On the near-threshold $\bar pp$ invariant mass spectrum measured in $J/\psi$ and $\psi'$ decays

TL;DR

This paper analyzes the near-threshold enhancement in the antiproton-proton invariant mass spectrum from $J/ar{p}p$ decays, attributing it to final-state interactions, and demonstrates that existing models can reproduce experimental data.

Contribution

It provides a systematic analysis of the $ar pp$ invariant mass spectrum using chiral effective field theory and phenomenological models, revealing the potential existence of a $ar NN$ bound state.

Findings

The $ar pp$ FSI can explain the observed spectrum enhancements.

The isospin-1 $^1S_0$ channel interaction suggests a possible $ar NN$ bound state.

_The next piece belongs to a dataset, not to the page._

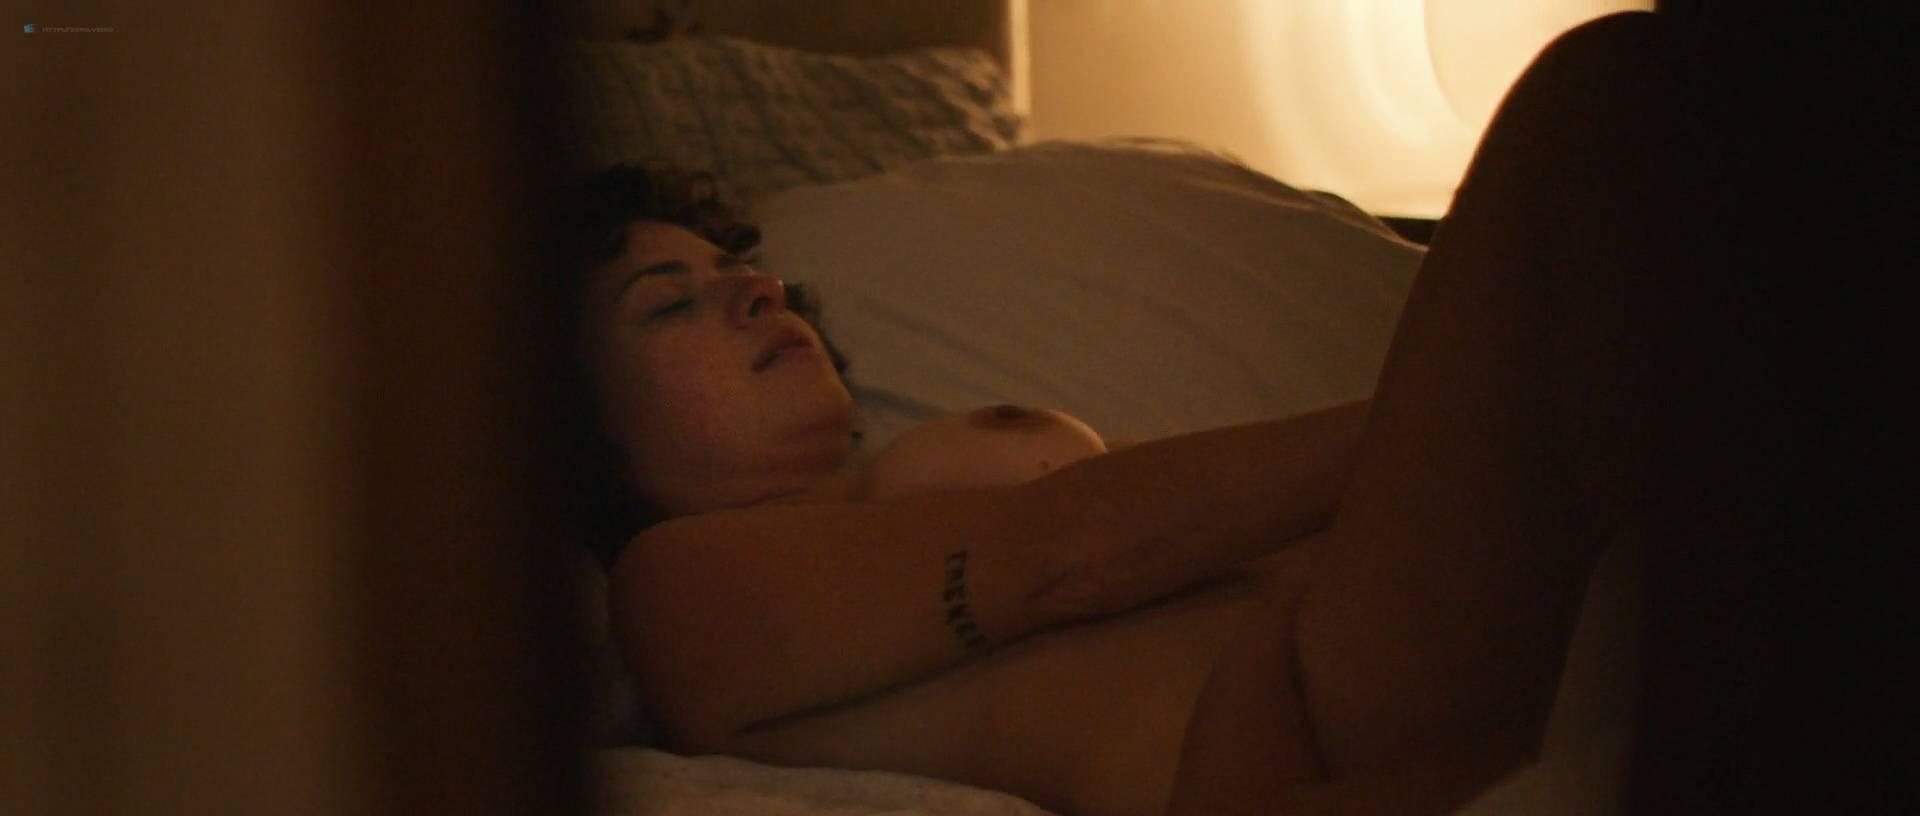 Aida Folch Tetas laia costa nude topless and sex alia shawkat nude lesbian

Both recent and older models successfully reproduce experimental data.

Abstract

A systematic analysis of the near-threshold enhancement in the $\bar pp$ invariant mass spectrum seen in the decay reactions $J/\psi \to x \bar pp$ and $\psi (3686) \to x \bar pp$ $(x = \gamma,\, \omega,\, \rho,\, \pi,\, \eta)$ is presented. The enhancement is assumed to be due to the $\bar NN$ final-state interaction (FSI) and the pertinent FSI effects are evaluated in an approach that is based on the distorted-wave Born approximation. For the $\bar NN$ interaction a recent potential derived within chiral effective field theory and fitted to results of a partial-wave analysis of $\bar pp$ scattering data is considered and, in addition, an older phenomenological model constructed by the J\"ulich group. It is shown that the near-threshold spectrum observed in various decay reactions can be reproduced simultaneously and consistently by our treatment of the $\bar pp$ FSI. It turns out that the interaction in the isospin-1 $^1S_0$ channel required for the description of the $J/\psi \to \gamma \bar pp$ decay predicts a $\bar NN$ bound state.